Distinct mathematical behavior of apoptotic versus non-apoptotic tumor cell death

Purpose: The presence or absence of a p53-dependent apoptosis response has previously been shown to greatly influence radiosensitivity in tumor cells. Here, we examine clonogenic survival curves for two genetically related oncogene transformed cell lines differing in the presence or absence of p53 and apoptosis. Solid tumor radiosensitivity patterns have been previously described for these lines. Materials and Methods: Oncogene- transformed fibroblasts derived from E1A + Ras transfection of p53-wild-type or p53-null mouse embryonic fibroblasts were plated as single cells and irradiated at increasing radiation doses in single fractions from 1.5 to 11 Gy. Clonogenic cell survival assays were obtained. Survival data are fit to a linear-quadratic relationship: S = e(-αD-βD²). Apoptosis was assessed and quantitated morpholOgiCally by staining with the fluorescent nuclear dye DAPI, by TUNEL assay for DNA fragmentation, and by measurement of apoptotic cysteine protease cleavage activity in cytosolic extracts.
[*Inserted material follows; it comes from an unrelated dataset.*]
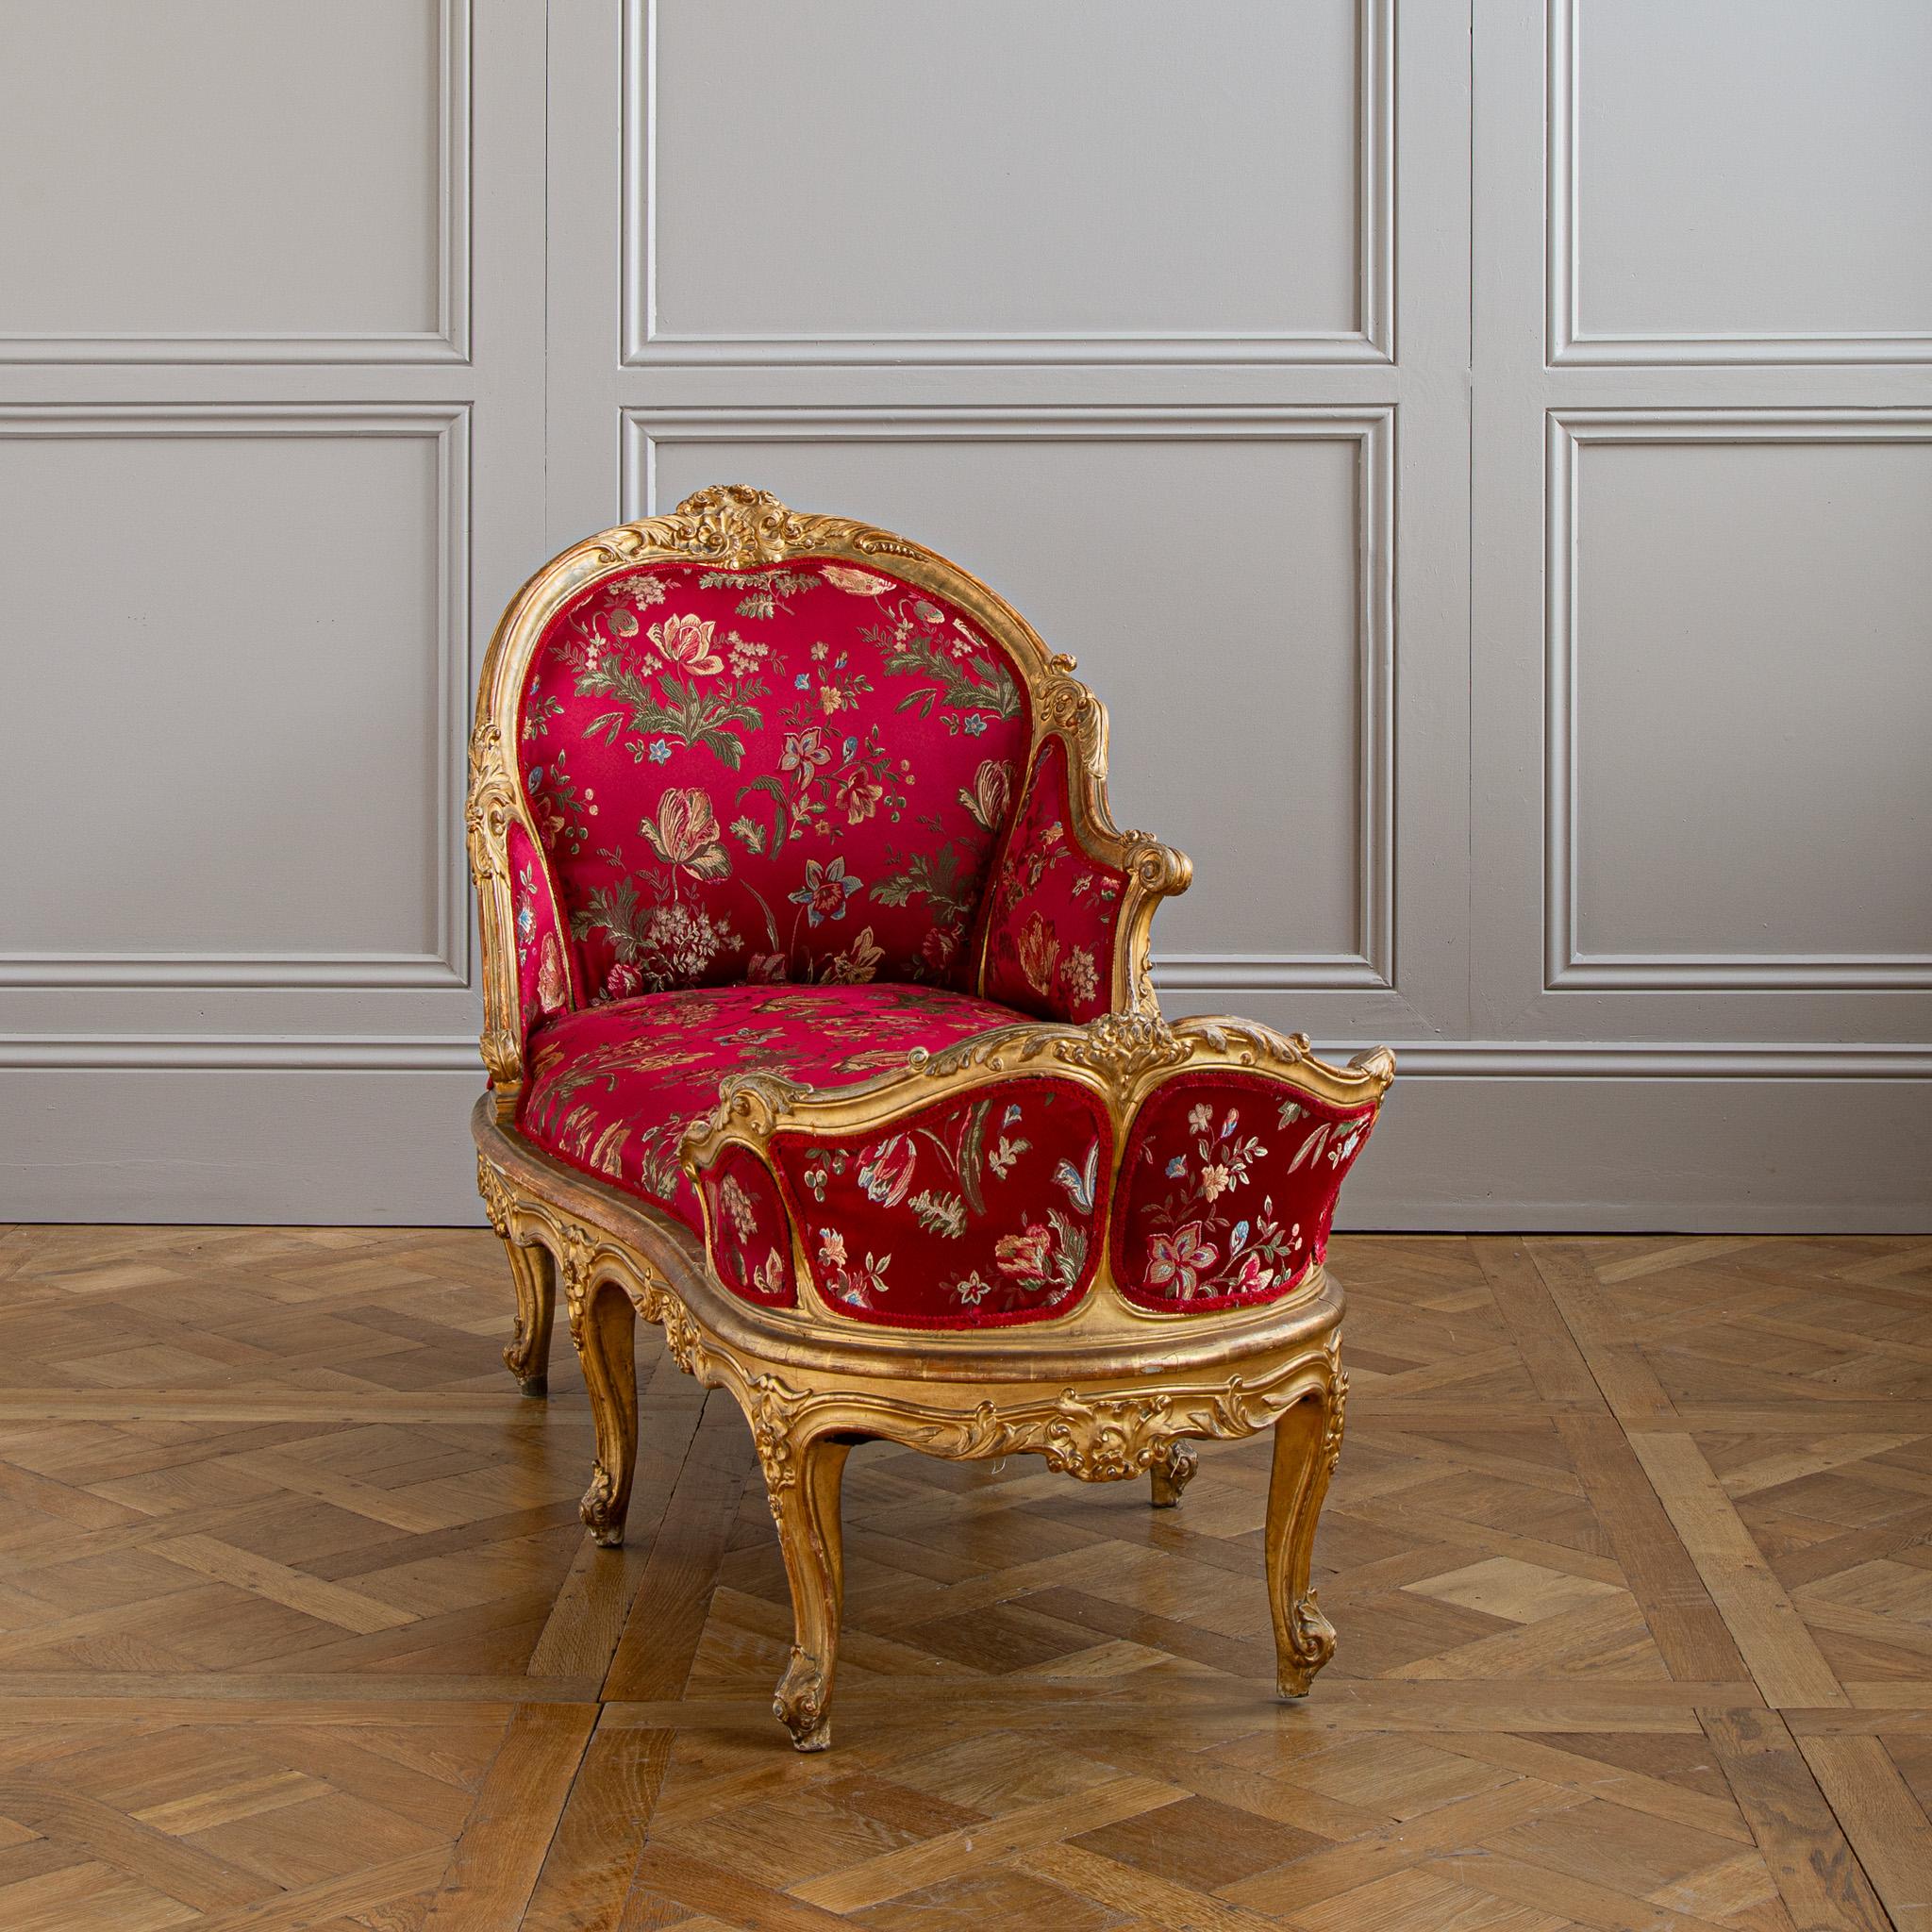 Cette très élégante chaise longue, datant de 1880, provient de Toscane, en Italie. Finement sculpté dans le style LXV, il comprend un accoudoir sur un côté qui ajoute à la forme générale de la pièce et à sa prestance sous tous les angles. La chaise

Results: Whereas radiation triggers massive apoptosis in the presence of p53, it produces no measurable DNA fragmentation, apoptotic cysteine protease cleavage activity, or morphological changes of apoptosis in the cells lacking p53. These contrasting mechanisms of death display dramatically different quantitative behavior: log-survival of apoptotic cells is linearly proportional to dose (S = e(-αD)), whereas survival of non-apoptotic (p53 null) is linear-quadratic with a significant quadratic contribution. The surviving fraction at 2 Gy (SF-2) for p53-null cells was 70% verses 12% for p53-intact cells. Conclusions: In this system, apoptosis appears to exhibit a dominance of single-event which produces a very high α/β ratio, and no significant shoulder; whereas non-apoptotic death in this system exhibits a comparatively small linear component, a low α/β ratio, and a larger shoulder.